_Brief_
Line by line, set down all the data below exactly, omitting any picture.

_Data segment_
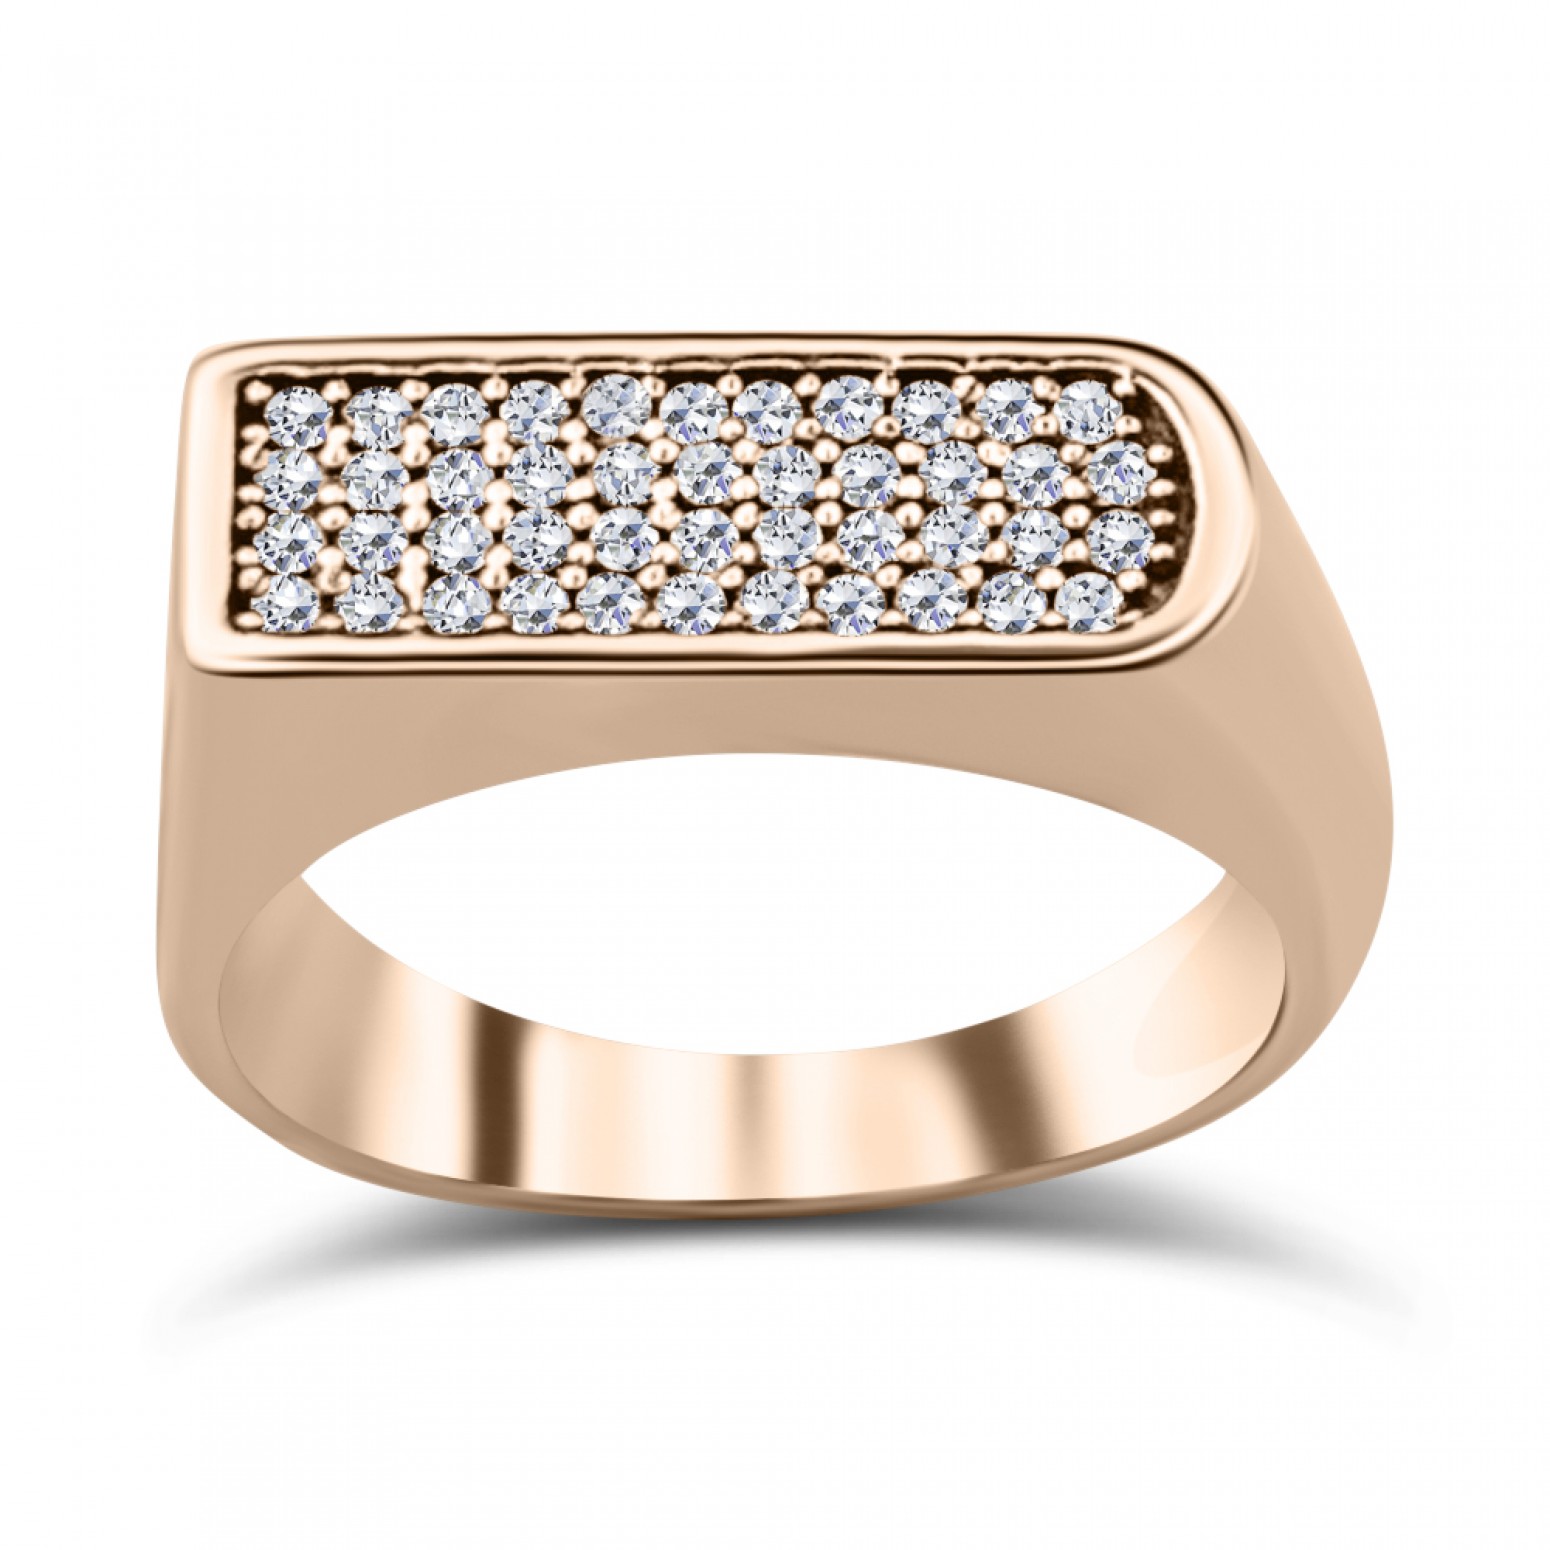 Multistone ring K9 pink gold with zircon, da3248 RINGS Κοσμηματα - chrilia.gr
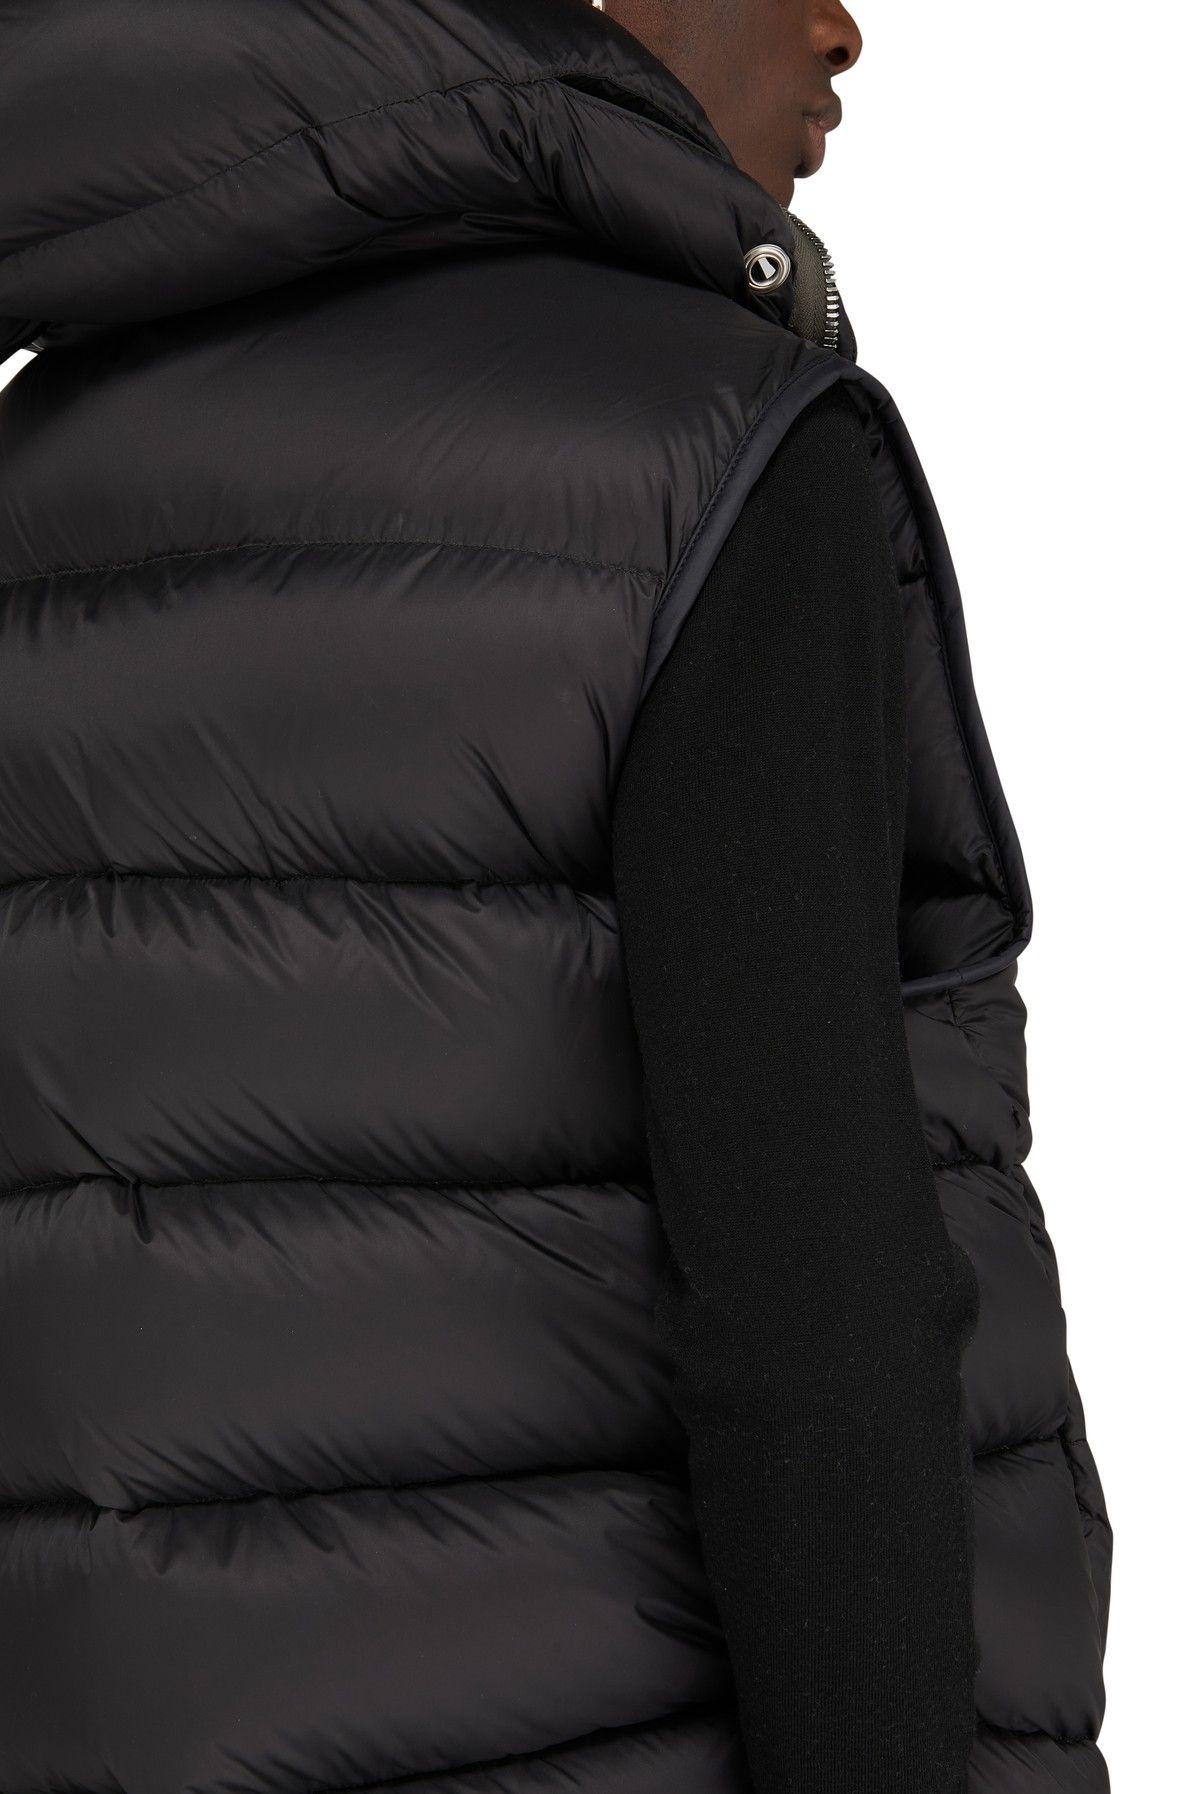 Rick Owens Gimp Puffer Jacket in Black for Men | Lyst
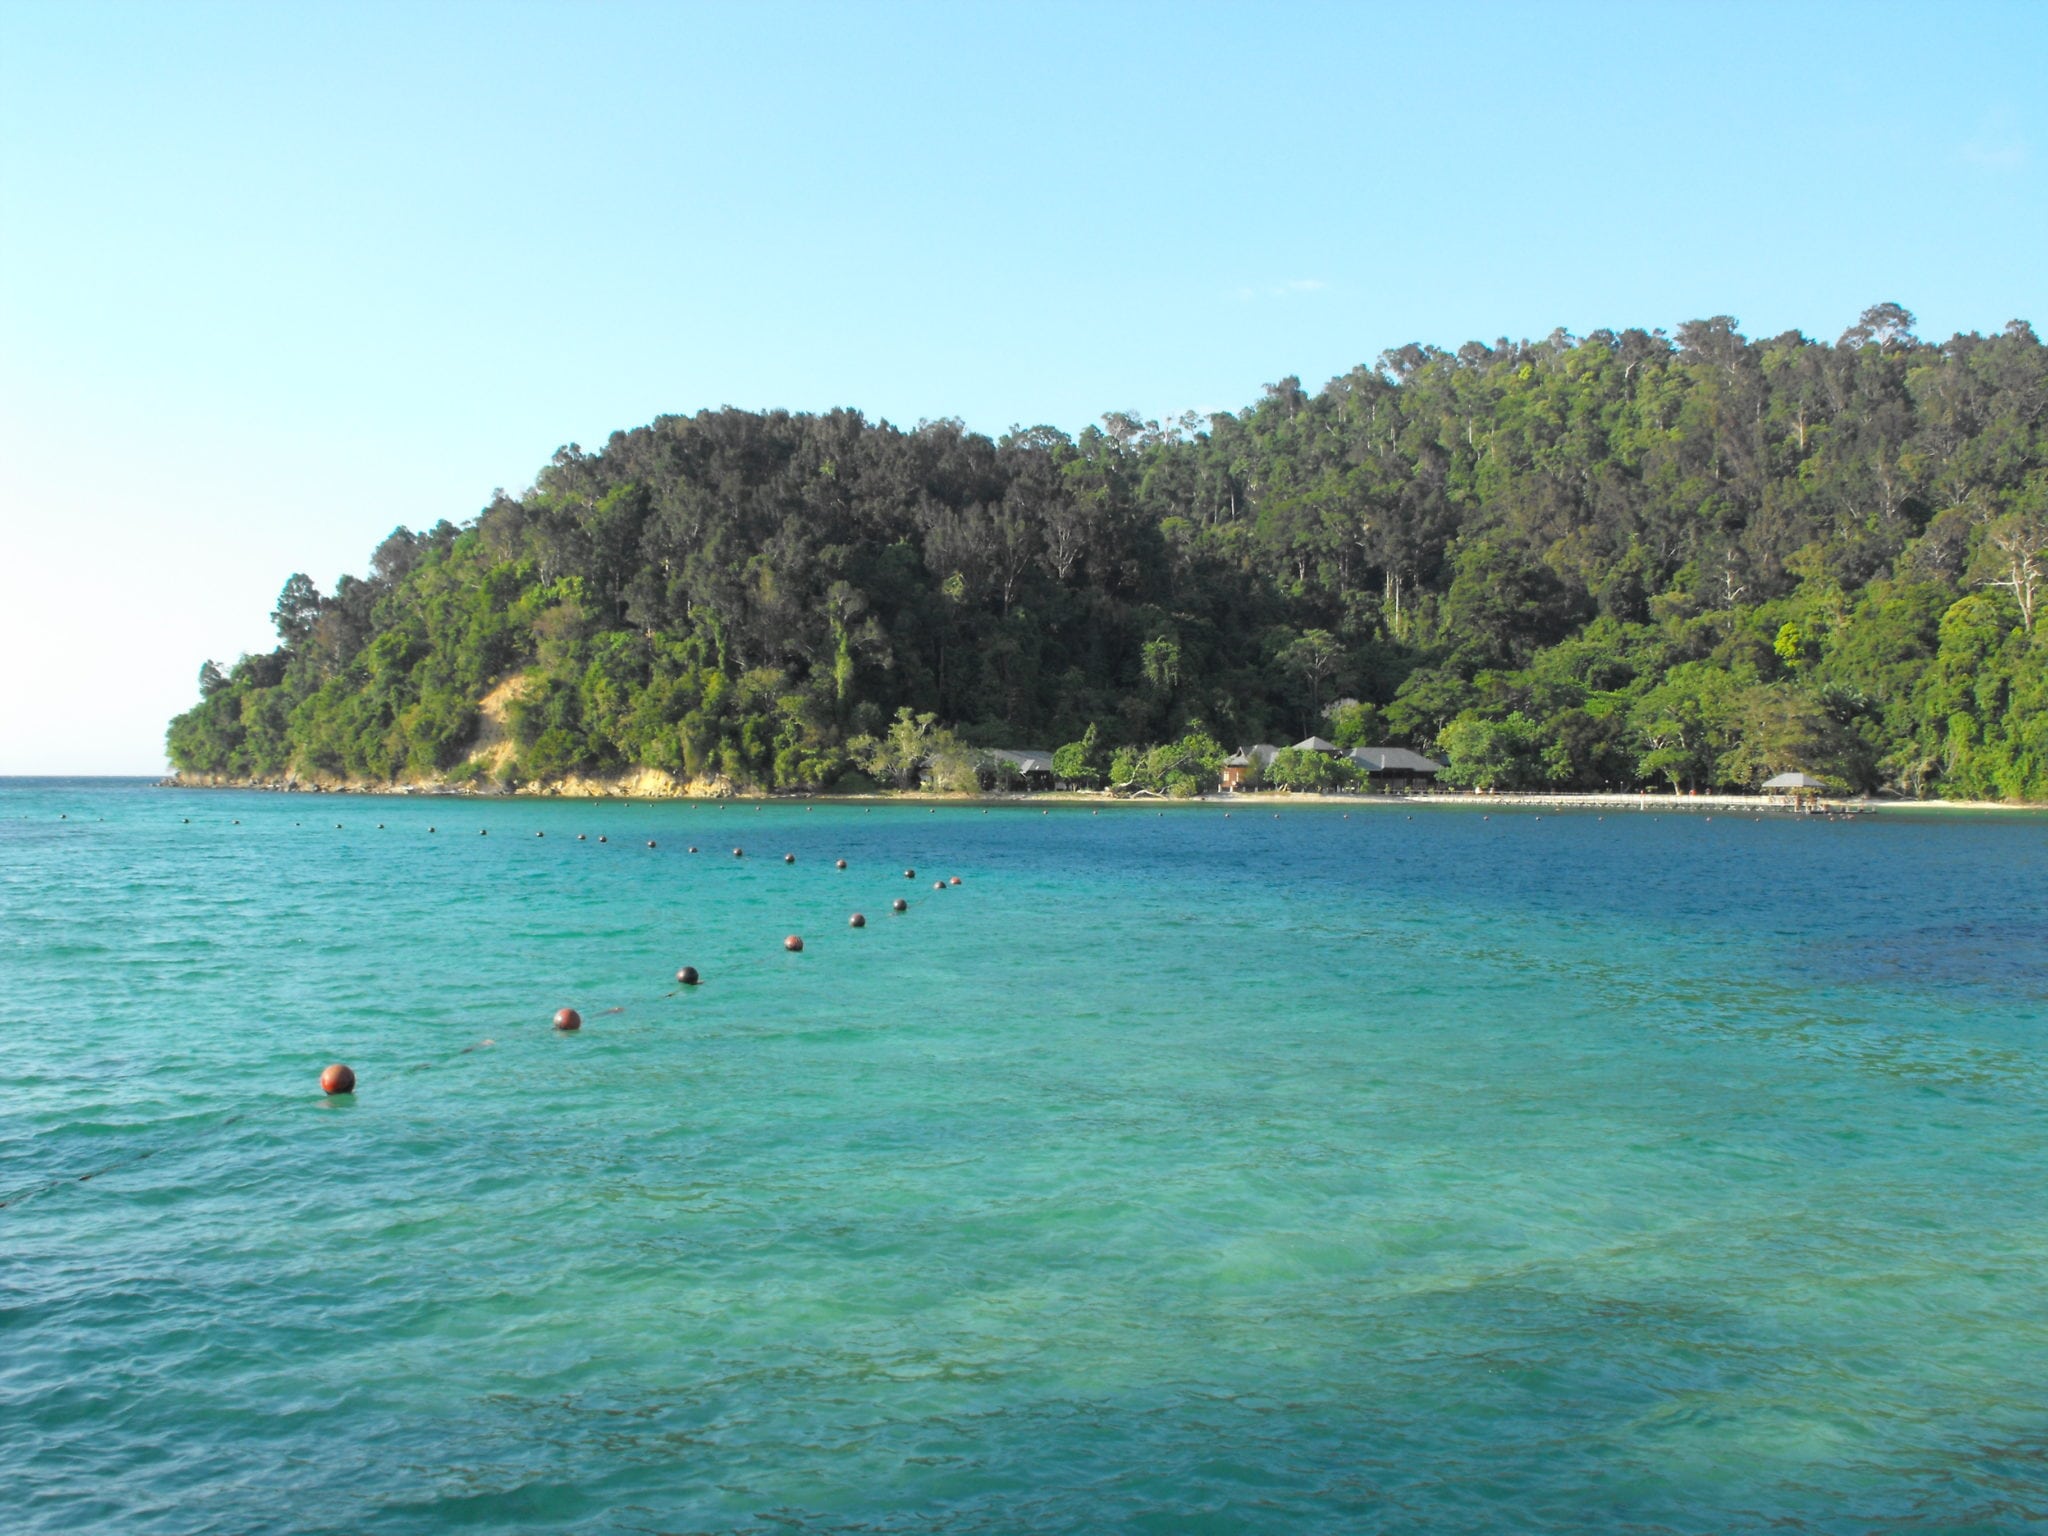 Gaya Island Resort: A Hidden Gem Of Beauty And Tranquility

_Completed task_
 Multistone ring K9 pink gold with zircon, da3248 RINGS Κοσμηματα - chrilia.gr
 Rick Owens Gimp Puffer Jacket in Black for Men | Lyst
 Gaya Island Resort: A Hidden Gem Of Beauty And Tranquility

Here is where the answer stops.